Среди всех европейских наций поляки одни довели невежество и варварство до такой степени, что почти уничтожили (vertilgen) последний след умственной силы (Denkkraft) в своих крепостных; но они сами несут всю тяжесть наказания за это, частично из-за того, что скотоподобный (viehische) вассал отдает им едва ли десятую часть дохода, который мог бы дать им более свободный, счастливый и разумный крестьянин, частично же потому, что они сами… от бессилия стали посмешищем и предметом забавы для всех их соседей[864].

 

Для Форстера показатели варварства — экономическая иррациональность и презрение других, более культурных наций. Он недалеко ушел от Фридриха, назвавшего поляков «последним народом в Европе».

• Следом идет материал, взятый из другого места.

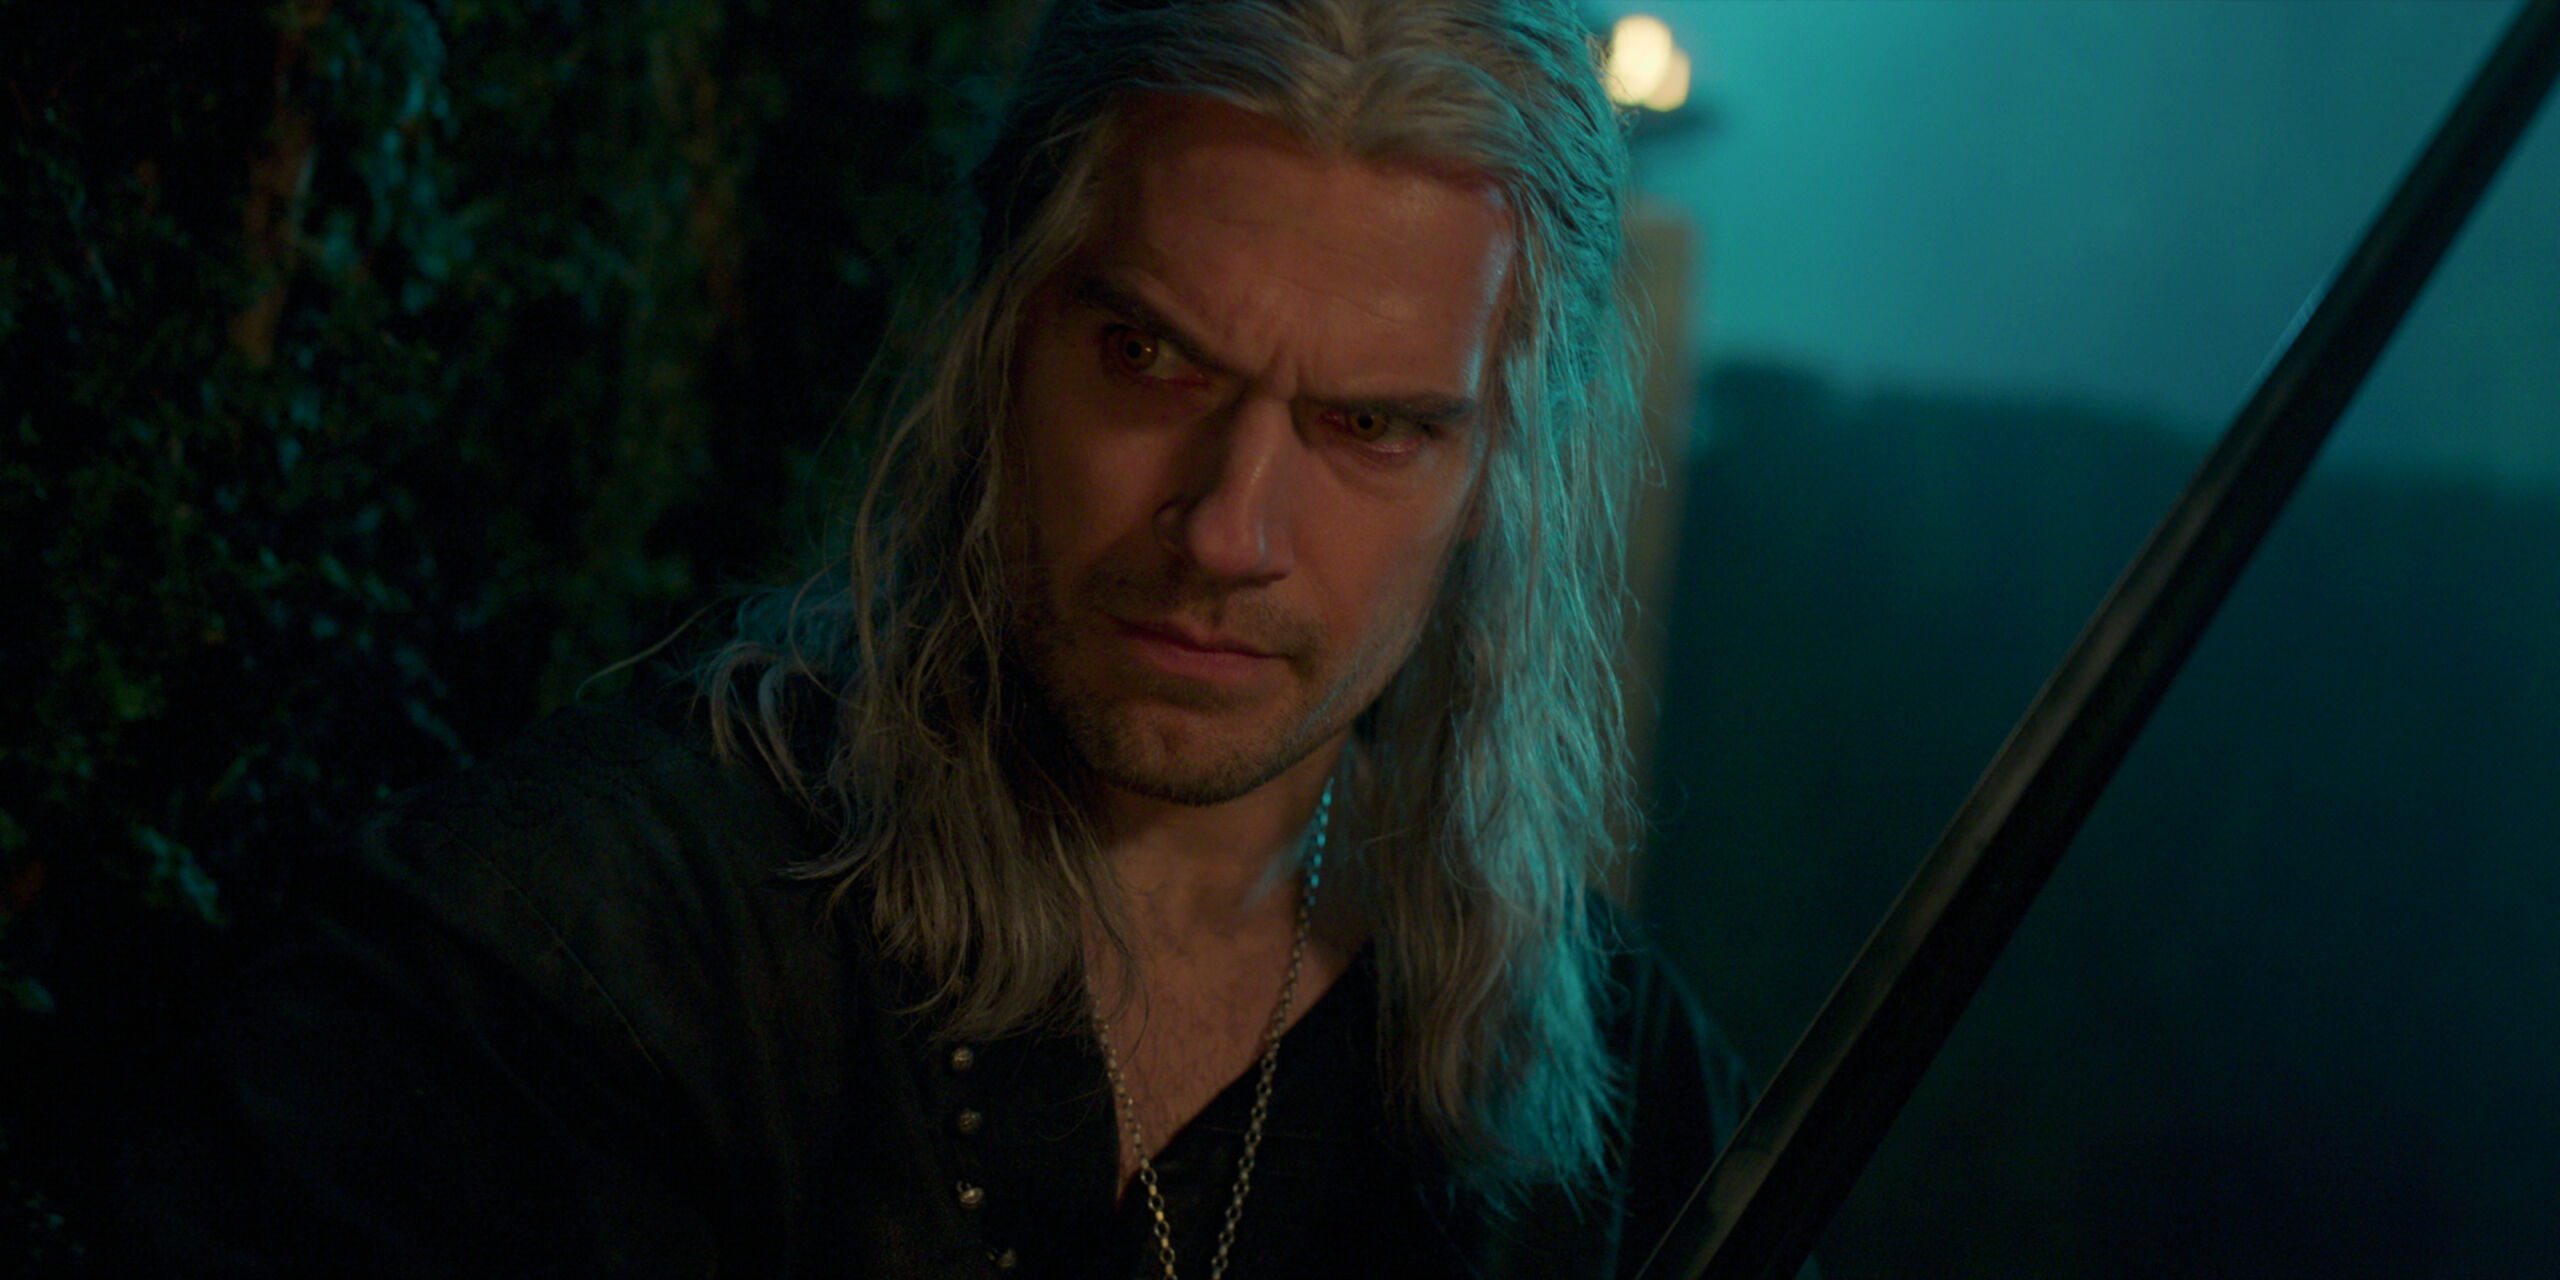 Why Did Henry Cavill Leave 'The Witcher'?

Обращаясь в письме из Вильнюса к своему другу, Форстер использует виденное им в Тихом океане как точку отсчета, позволяющую описать Польшу как некую промежуточную мешанину:

 

Ты мог бы найти много поводов посмеяться над этой мешаниной (Mischmasch) сарматской или почти новозеландской грубости и французской сверхутонченности … А может быть, и нет; смеются только над теми, чья вина лишь в том, что они смешны; не над теми, кто из-за образа правления, взращивания (как в данном случае следует назвать образование), дурного примера священников, деспотизма могущественных соседей, а также французских бродяг и итальянских бездельников испорчены уже с юности и не имеют надежды на будущее исправление. Этот народ, эти миллионы скотов в человеческом обличье, совершенно лишены всех привилегий человеческого рода … народ, который в настоящее время из-за многолетней привычки к рабскому состоянию поистине потонул в скотстве и бесчувственности, неописуемой лени и совершенно тупом невежестве, из которого, быть может, даже через сто лет он не сможет подняться на один уровень с чернью остальной Европы[865].

 

В его представлении отсталость измерялась в сравнении с другими странами Европы, целыми столетиями отставания; Форстер, однако, не включил в свой список определяющих факторов отсталости — расовую ущербность, несмотря на то что расовые проблемы занимали очень большое место в его мыслях, пока он, живя в Литве, столь строго судил о Польше.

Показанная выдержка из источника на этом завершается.